Township in Pennsylvania, US

Butler Township is a township in Adams County, Pennsylvania, United States. The population was 2,552 at the 2020 census.

==Geography==
According to the United States Census Bureau, the township has a total area of 62.3 km2, of which 62.1 sqkm is land and 0.3 sqkm, or 0.41%, is water. It contains the census-designated place of Table Rock.

==Recreation==
A small portion of Pennsylvania State Game Lands Number 249 is located in Butler Township.

==Demographics==

As of the census of 2000, there were 2,678 people, 979 households, and 784 families residing in the township. The population density was 111.5 PD/sqmi. There were 1,024 housing units at an average density of 42.6 /sqmi. The racial makeup of the township was 95.59% White, 0.60% African American, 0.37% Native American, 0.11% Asian, 2.65% from other races, and 0.67% from two or more races.
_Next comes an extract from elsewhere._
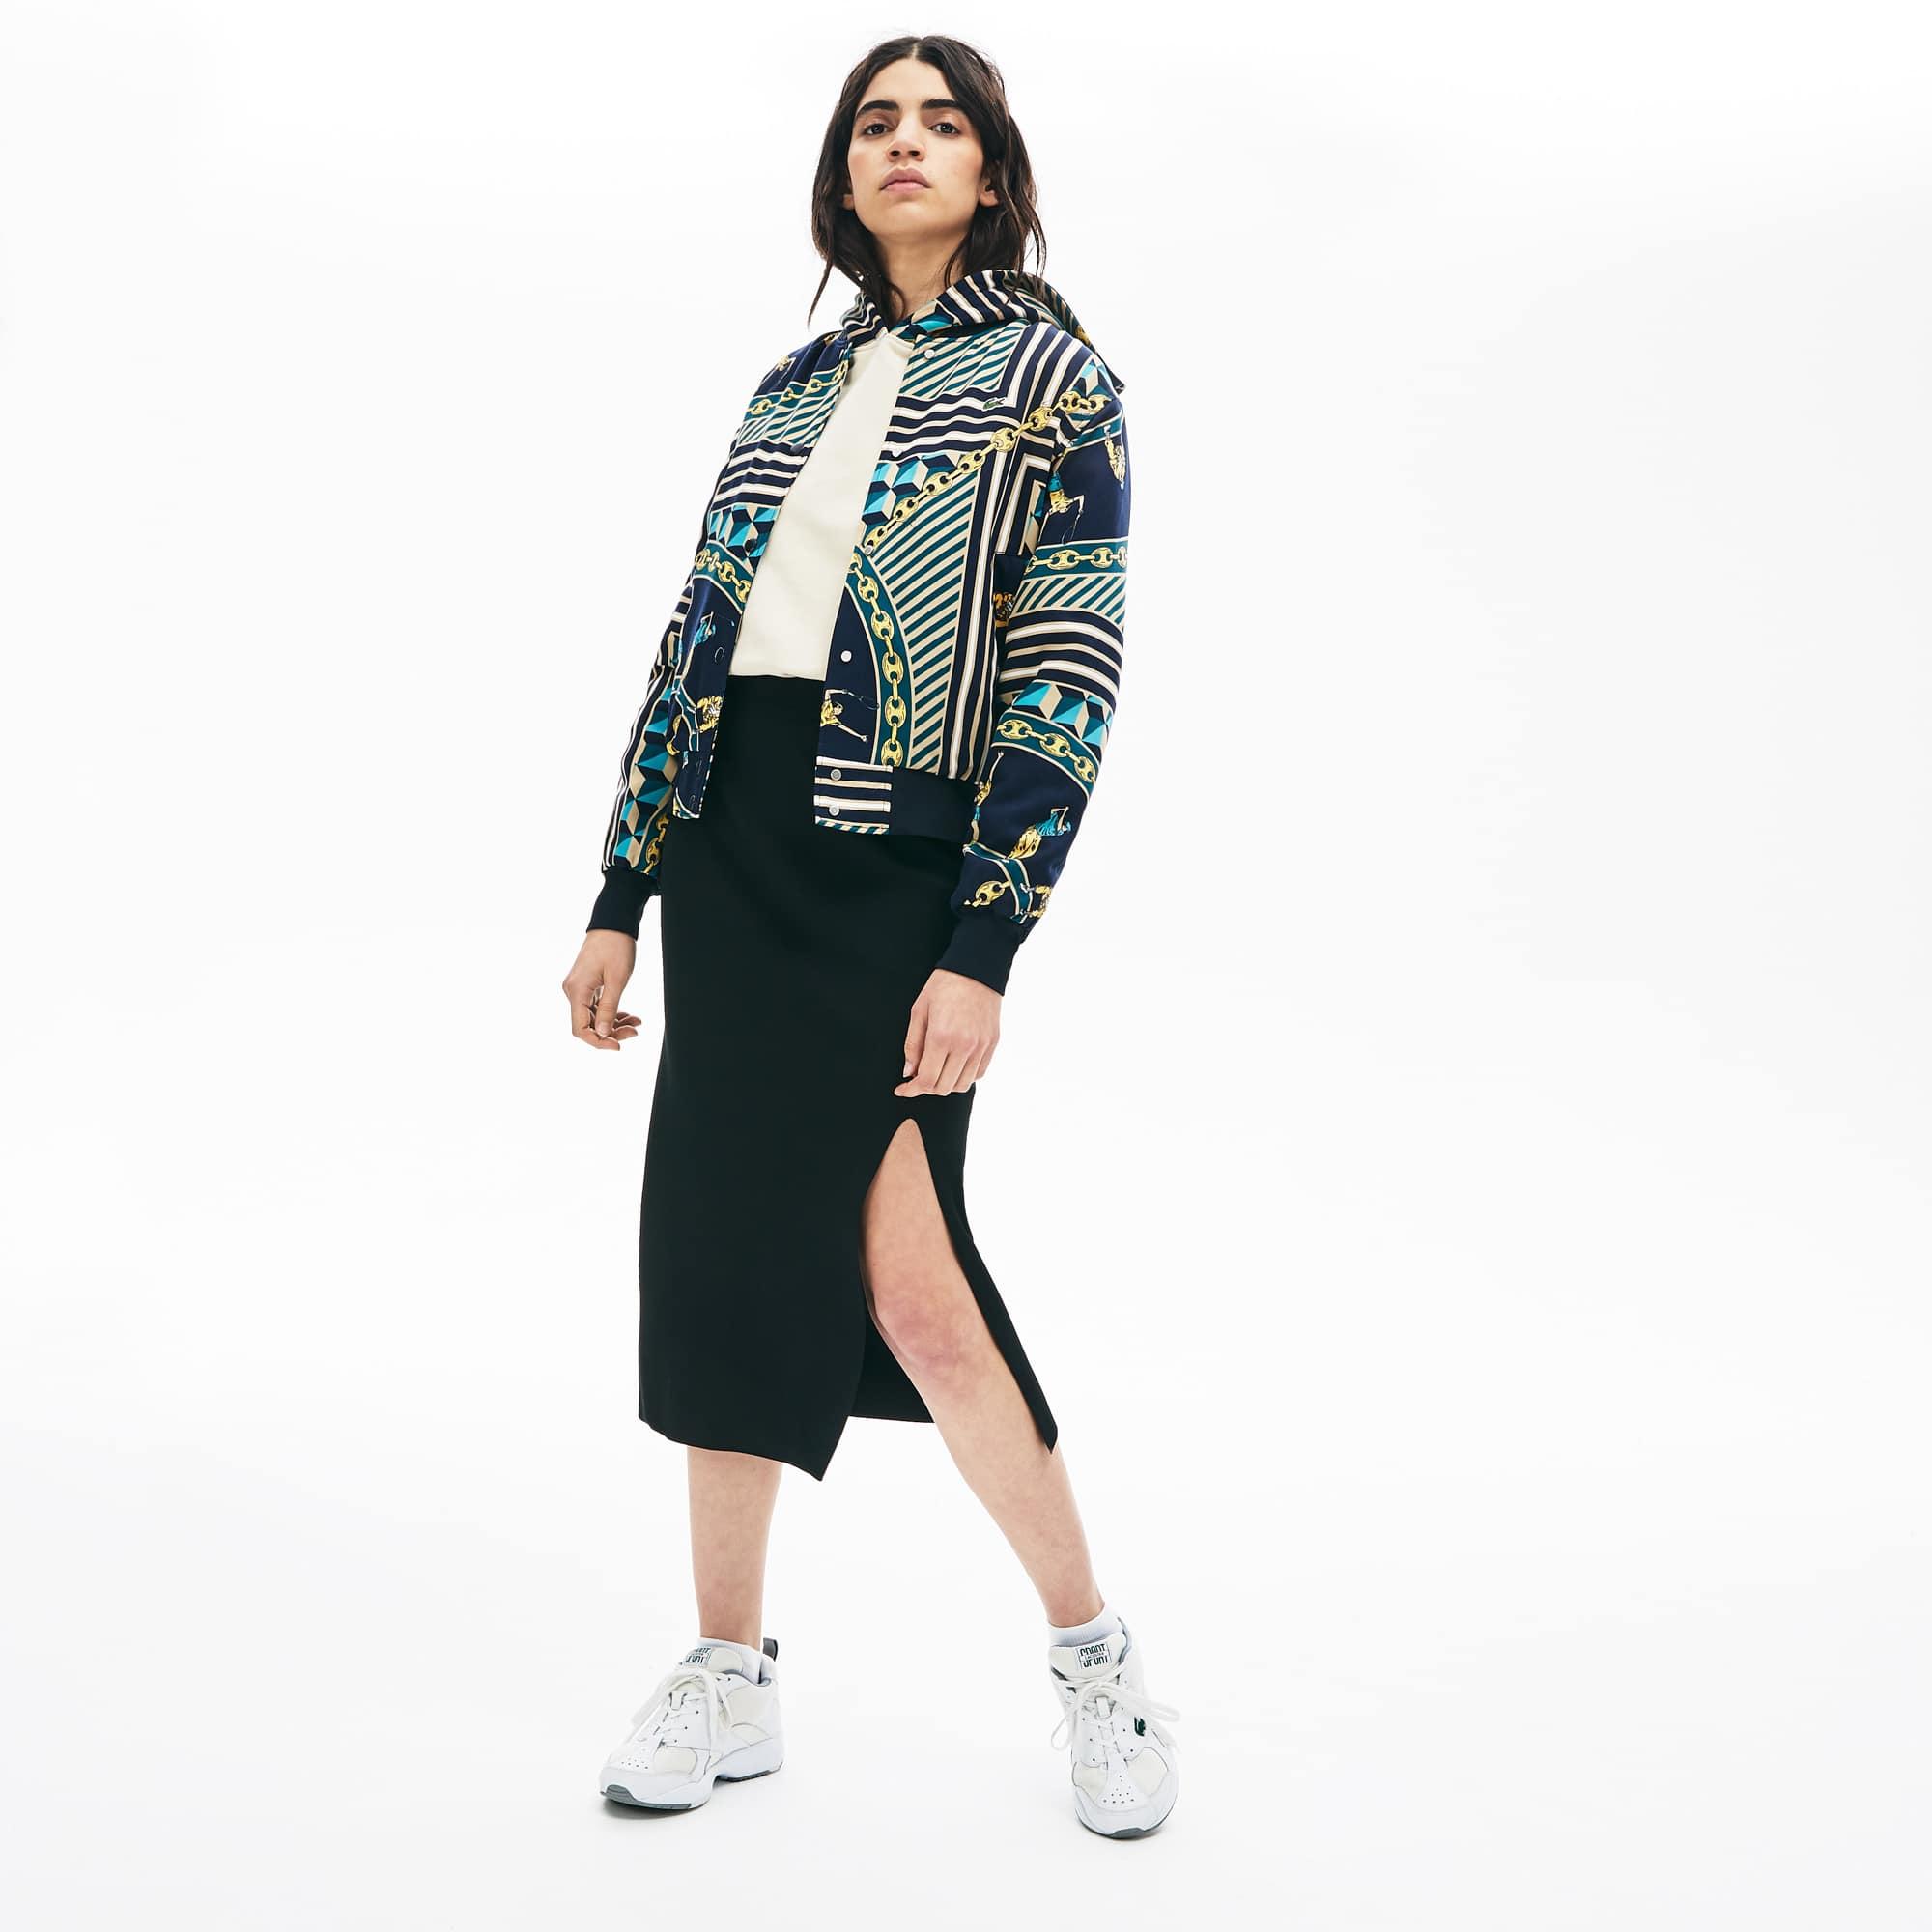 라코스테 라이브 슬릿 니트 스커트 - 블랙 Lacoste Womens LIVE Slit-Front Knit Skirt

Hispanic or Latino of any race were 5.08% of the population.

There were 979 households, out of which 32.9% had children under the age of 18 living with them, 68.7% were married couples living together, 7.5% had a female householder with no husband present, and 19.9% were non-families. 15.0% of all households were made up of individuals, and 6.5% had someone living alone who was 65 years of age or older. The average household size was 2.74 and the average family size was 3.01.

In the township the population was spread out, with 24.8% under the age of 18, 7.5% from 18 to 24, 28.9% from 25 to 44, 26.3% from 45 to 64, and 12.5% who were 65 years of age or older. The median age was 39 years. For every 100 females, there were 96.5 males. For every 100 females age 18 and over, there were 96.3 males.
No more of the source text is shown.